Esplai
- Type: Non-profit voluntary association
- Purpose: Educating children during their free time
- Region served: Catalan Countries
- Members: 45,000 (2022)

= Esplai =

Voluntary association in Spain

An esplai is a non-profit voluntary association that works in the field of educating children during their free time. It has its origins in the Scout Movement, and has been popular in certain areas of Spain since the 1960s. Esplais Catalans is the largest and most representative federation in Catalonia.

How it works and activities: The Esplai is an entity that works with children and has different ways of work. It could be compared to an extra-curricular activity or summer camps, and it is often known as a place where children can partake in weekly gatherings for two to three hours every weekend. Children and teenagers can take part in activities that are dynamized by a monitor, who works in a given group as a referent. Along all kinds of activities they participate in, children and teens are guided to achieve some values, norms and attitudes set previously by the monitor, which follow the entity's plans and guidelines. Many of these gatherings can take place outside their habitual place, due to most of these activities not being dependant on where they are carried out.

The Esplais are aimed to fulfil a community service and educate children and teenagers to grow up with another perspective in life and with a higher social commitment with their environment.
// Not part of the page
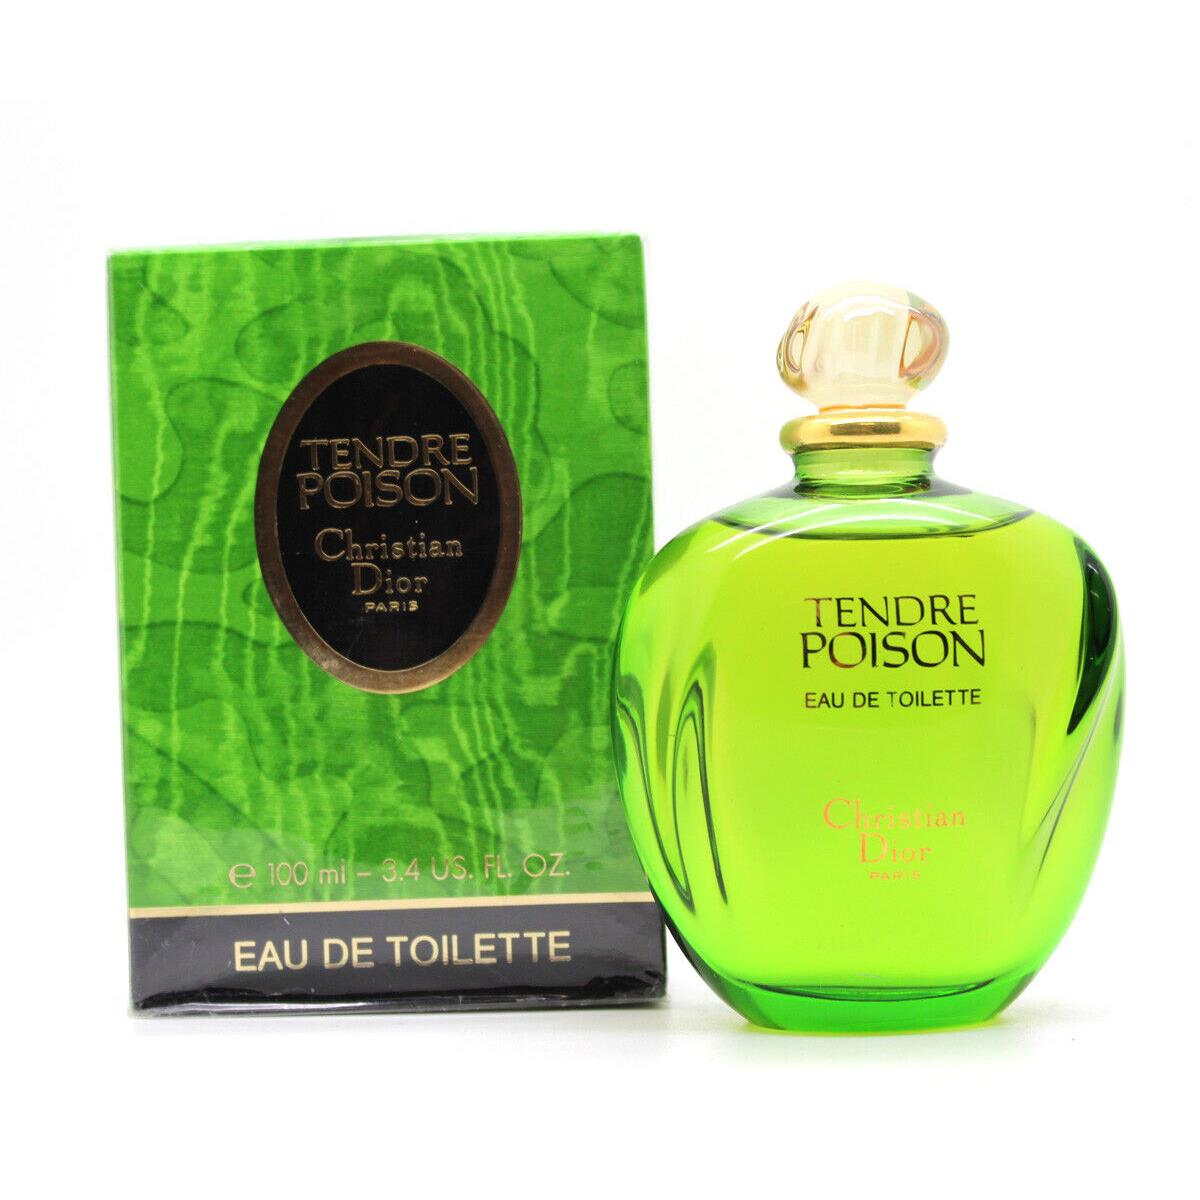 Tendre Poison by Christian Dior 3.4 oz 100 ml Eau de Toilette Splash For Women

Educacional Ideas: Every entity has their own ideologies, where they expose their objectives, values or anything else they want to work towards. All these aspects are collected and explained in a document called PEC (Educational project of the center/ Projecte Educatiu del Centre). In that document, the entity analyzes their social environment, as well as short and long-term objectives.
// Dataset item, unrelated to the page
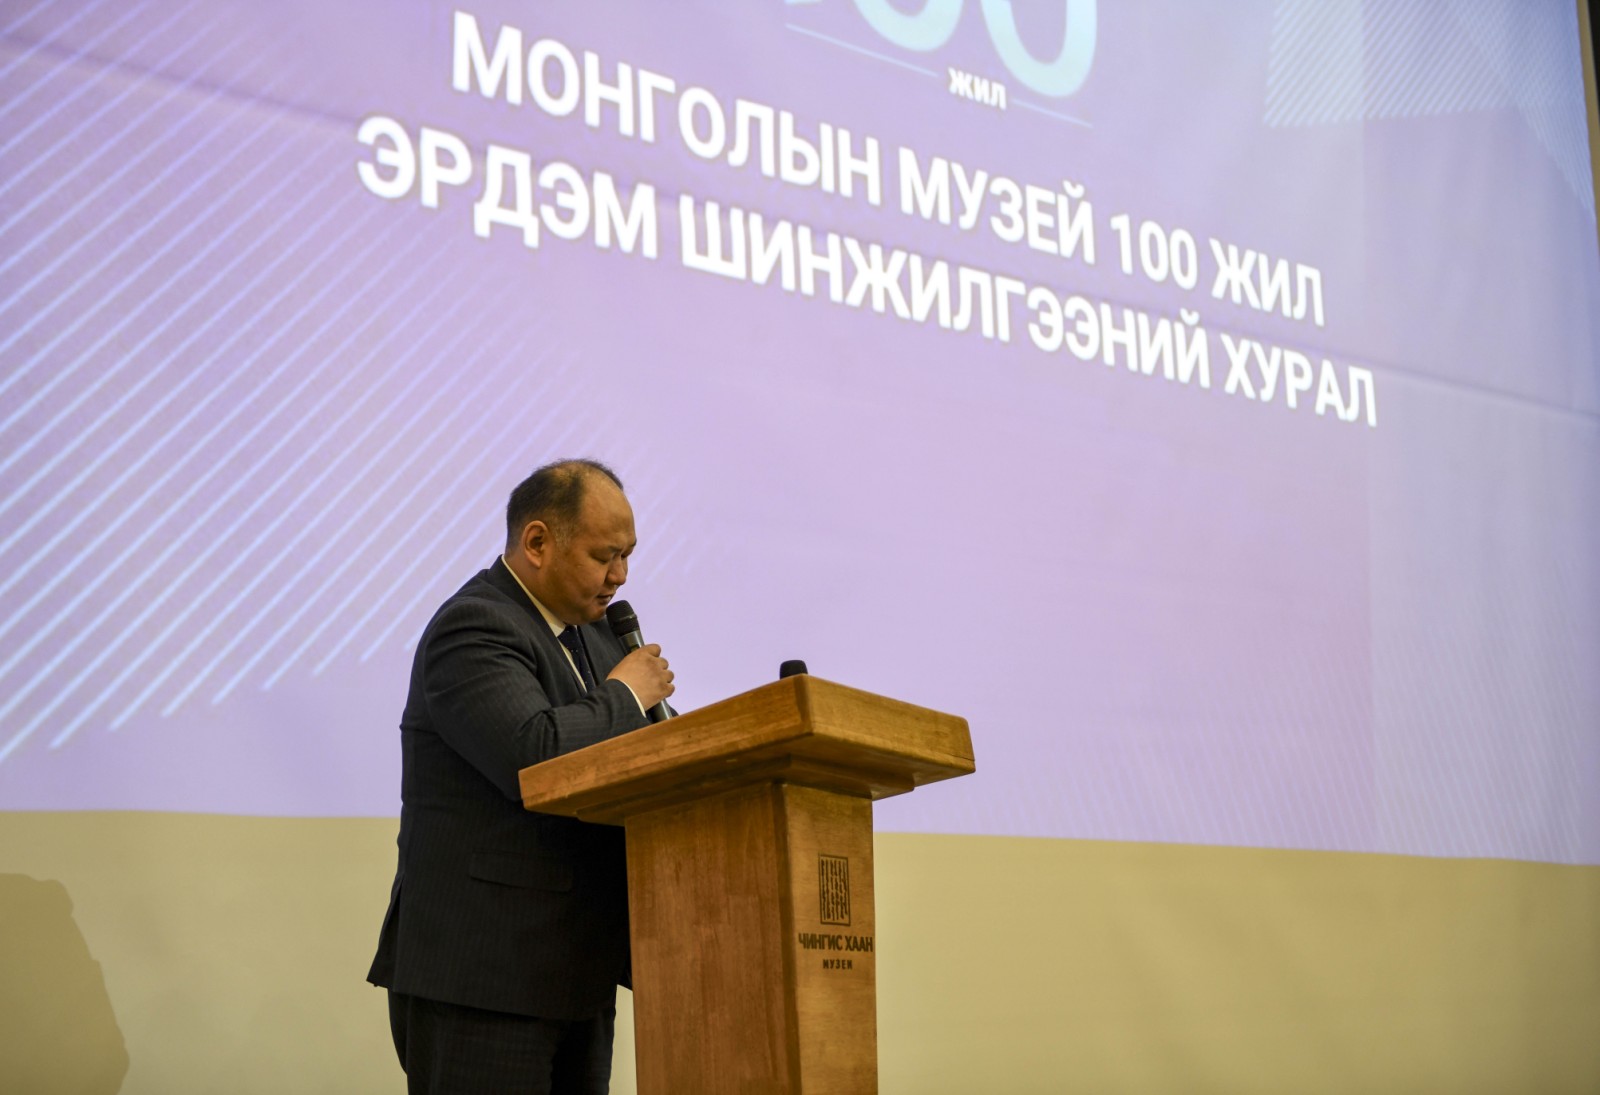 "Монголын музейн 100 жил эрдэм шинжилгээний хурал боллоо"

Apart from these entity ideals, the monitors lay out specific objectives related to the characteristics of each age group, and they plan the activities to focus the items that they want to work on. When planning activities, they have to be adapted to the corresponding age group, and the PEC and objectives help their development to target and work with themes that are interesting for them or that they want to learn about. Usually, families are considered part of the Esplai as well, as its whole concept is thought not to be considered as a babysitting service, but as an educational space through leisure .

History: The Esplai concept was born in 1876 with the organization Appenzell (Swiss). However, it wasn't until 1960 that they were recognized with their current name.

==Overview==
In 2023, the Esplais had over 45,000 members in Catalonia, where the Scout Movement co-exists and is very popular as well.

Esplac, also known as Esplais Catalans, is a full member of the International Falcon Movement - Socialist Education International and has a presidium member for the Europe Region along with their sister organisation in the UK Woodcraft Folk.

Esplais have less of a hierarchical structure than the Scouts, but they work in a similar way. They play games, do arts and crafts, have discussions and go on trips. There is a pedagogical aim behind it which promotes the integral development of the child. Typically, an Esplai centre can have about 100 children and 20 educators.